Título: A discussão sobre a tarifa de pedágio
Autor: Duarte, Moacyr Servilha
Fonte: O Estado de São Paulo, 26/05/2007, Economia, p. B2

A transformação dos principais eixos rodoviários em vias auto-sustentáveis é hoje uma tendência em todos os países. A primeira razão para esse cenário é o crescente aumento dos dispêndios públicos em saúde, educação, seguridade social, segurança pública e justiça, que não pode mais ser coberto pela elevação da carga tributária. A segunda é o aumento da frota de veículos, obrigando ao uso de novas tecnologias na gestão de rodovias, que exigem flexibilidade e agilidade que o Poder Público não tem. Uma terceira é a relação custo-benefício, que é favorável ao usuário ao trocar estradas malconservadas por rodovias em boas condições de uso.

A falta de pesados investimentos em infra-estrutura de transporte pelo Poder Público nos últimos 25 anos resultou na degradação desse patrimônio, encarecendo o frete, com prejuízos para o consumidor final. Além disso, estradas em más condições significam mais acidentes. Estudo do Instituto de Pesquisa Econômica Aplicada (Ipea) mostrou que, entre 2004 e 2005, o Brasil perdeu R$ 22 bilhões por conta de acidentes rodoviários.

Superada a discussão sobre a participação da iniciativa privada no desenvolvimento de projetos de infra-estrutura, o que é contestado apenas por pessoas com a idéia cristalizada de que cabe ao Estado o monopólio dos investimentos no setor, podemos discutir com racionalidade, a partir da bem-sucedida experiência de mais de dez anos de concessões no País, o valor da tarifa de pedágio. Segundo o Ministério dos Transportes, a tarifa se destina a cobrir quatro grandes itens: benefícios aos usuários; tributos; administração e lucro; e custos operacionais.

Os benefícios aos usuários ficam com 42,7% do valor da tarifa e incluem os trabalhos iniciais, recuperação, melhoramentos, manutenção e conservação ao longo do prazo do contrato e investimentos. Os tributos (PIS, Cofins, ISSQN, CPMF, IRPJ, CSSL) absorvem 25,4% da tarifa e os custos operacionais correspondem a 9%, incluindo atendimento ao usuário, controle, monitoração, arrecadação e pesagem. Administração e lucros ficam com 22,8% do valor da tarifa, para cobrir custos administrativos, seguros e garantias, fiscalizações e o resultado da concessionária.

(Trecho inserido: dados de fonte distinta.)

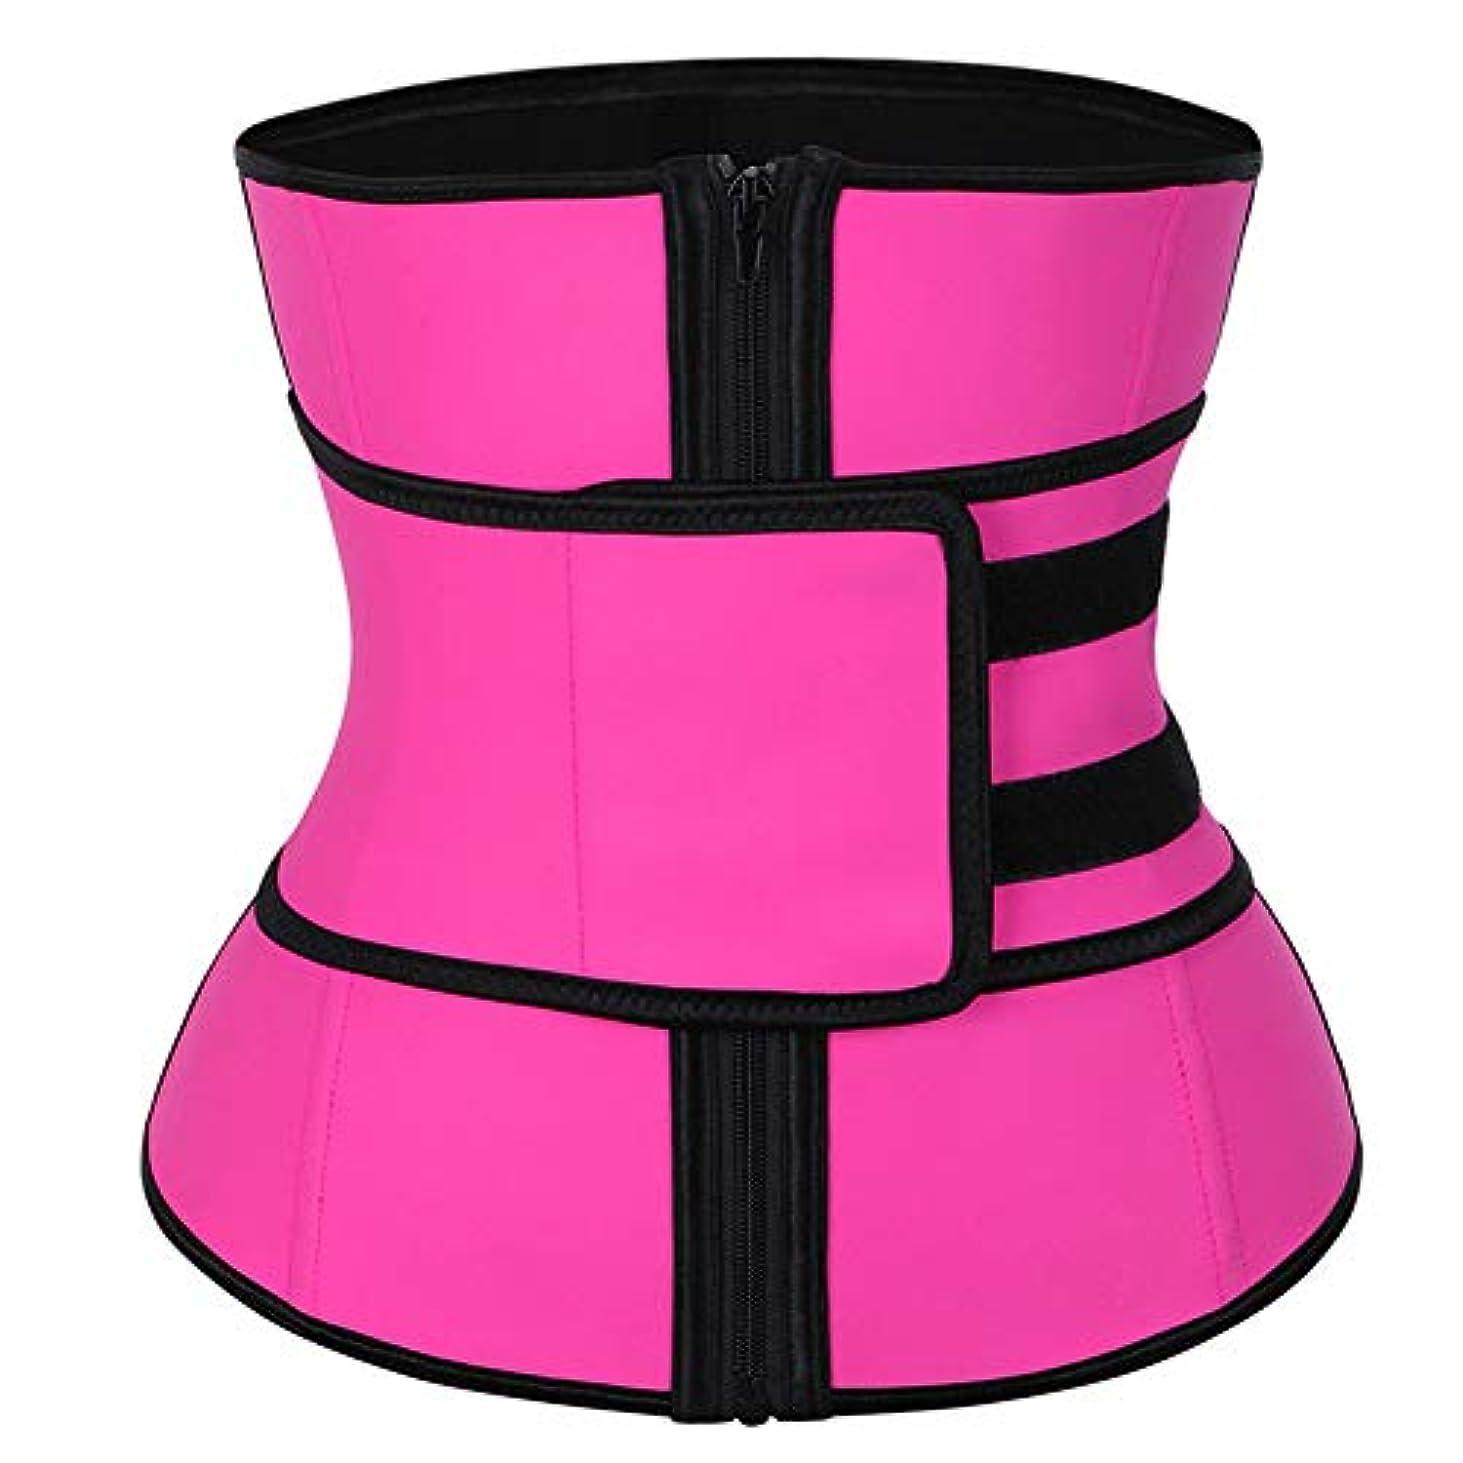 ロータリーカーペットそれによって女性のウエストトレーニングコルセットコルセットネオプレン付きジッパーウエストスリムベルトラテックスラテックス通気性ウエストボディシェイプ,Pink,XL

Das discussões aprofundadas entre as concessionárias de rodovias e as entidades representativas dos transportadores rodoviários de carga, empresas e autônomos, conclui-se que há três maneiras efetivas para reduzir a tarifa de pedágio. A primeira é o aumento da base de pagantes, pois existem casos, como o da Via Dutra, em que somente 10% das viagens são pagas. Outra é compatibilizar os investimentos com o efetivo crescimento do tráfego. A terceira é a redução da carga tributária, que representa 25,4% da tarifa. Em 2006, por exemplo, as concessionárias recolheram R$ 1,013 bilhão, sendo R$ 753,4 milhões em pagamento de tributos federais e R$ 260 milhões do tributo municipal. De 1996 a 2005, foram recolhidos R$ 2,4 bilhões.

Usando uma dessas possibilidades, ou elas em conjunto, é possível reduzir bastante as tarifas. A isenção de tributos, aliás, já está sendo feita para outros setores, como o programa de incentivo à TV digital, com o argumento, apropriado no nosso entendimento, de que esse setor não existia e, portanto, não se perde receita.

O governo federal preferiu seguir outro caminho, para tentar conciliar as necessidades de investimentos em rodovias com a resistência de alguns aliados políticos, utilizando mecanismos como a redução da estimativa dos custos das obras e das despesas operacionais e da margem de lucro do investidor a patamares inferiores aos dos países desenvolvidos. Resta a dúvida se essa opção se mostrará viável a médio e a longo prazos, considerando especialmente a obrigação da concessionária de, em dois anos, dentro dessas condições, ter suas ações negociadas em Bolsa.

O Brasil deu um passo na direção certa quando decidiu conceder rodovias à administração privada nos anos 90. As rodovias concedidas são uma forma eficiente de aumentar a produtividade global do País, com grandes vantagens para os usuários, que ganham em segurança, rapidez, economia de combustível e melhor aproveitamento da frota de cargas. Rodovias de qualidade e com serviços de apoio são indispensáveis para o crescimento econômico, o que empresários e trabalhadores clamam há anos, e que, corretamente, o atual presidente colocou como sua prioridade.